In response to current difficulties, credit unions have been forced to break with their business model, and have raised deposit rates more slowly than banks (see chart). Although they usually benefit from the fact that members, who tend to be associated with an institution such as a government bureaucracy or university, are patient types, that patience is now being tested. Average deposits in credit unions fell by 3.5% in the year to July, an unwelcome trend in a sector that has enjoyed near-continuous growth since the 1970s.

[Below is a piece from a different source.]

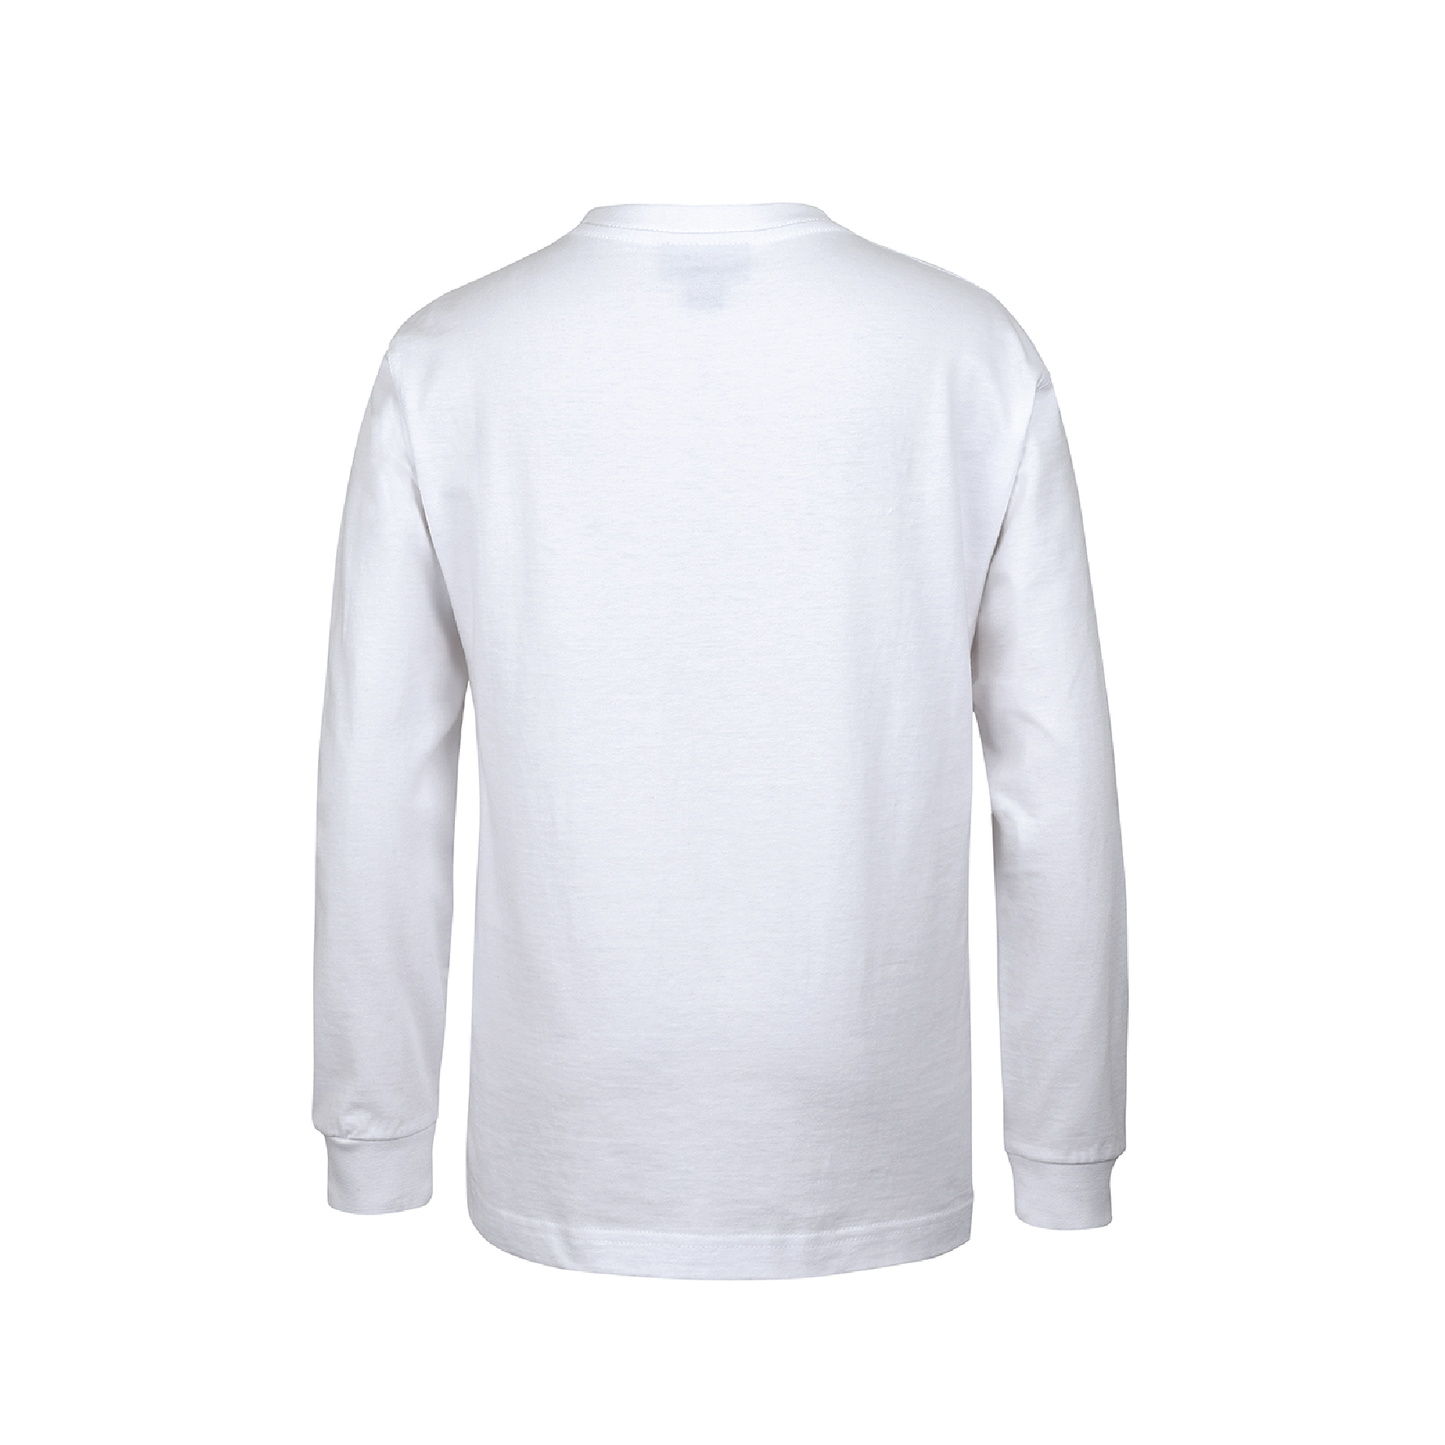 EASTER CLASSIC T-SHIRT WHITE LONG SLEEVE (available online only)

Despite raising deposit rates slowly, credit unions are showing less restraint elsewhere. Outstanding loans grew by 12% in the year to July, and growth is not slowing. A fifth of union savings are in outfits where loans exceed deposits, up from an 80th at the start of 2021—meaning they need greater liquidity to ensure safety.

Indeed, regulators are monitoring the sector’s liquidity. Just four unions went under in the first half of the year—consistent with recent trends—and in aggregate balance-sheets look healthy. There are some worrying shifts, however. Cash and cash equivalents have fallen by half as a share of assets from a high reached during the pandemic, as unions have sought to meet loan demand. Although they also face higher interest rates, co-operatives are nevertheless taking on debt: their borrowing is now equivalent to 6% of assets, up from an average of 3.5% over the past decade.

This has led credit unions to seek other sources of funding, including by selling loans. Normally they trade among themselves, notes Steve Rick of TruStage, a mutual-insurance company. But such is the state of the sector that few co-operatives have the cash to buy others’ loans. Some have thus turned to the asset-backed securities market, in which they can exchange their car loans for cash upfront at the same time as offloading credit risks from their balance-sheets. Unfortunately, they can do so only on particularly bad terms.

Since 2017 credit unions have raised $2.8bn in such markets, some $1.6bn of which has come in the past six months. This represents a large increase in costs, and as a consequence signals that there is little chance of better rates on deposits for members in the months to come. Like Nevada’s car-owners, many may end up simply walking away.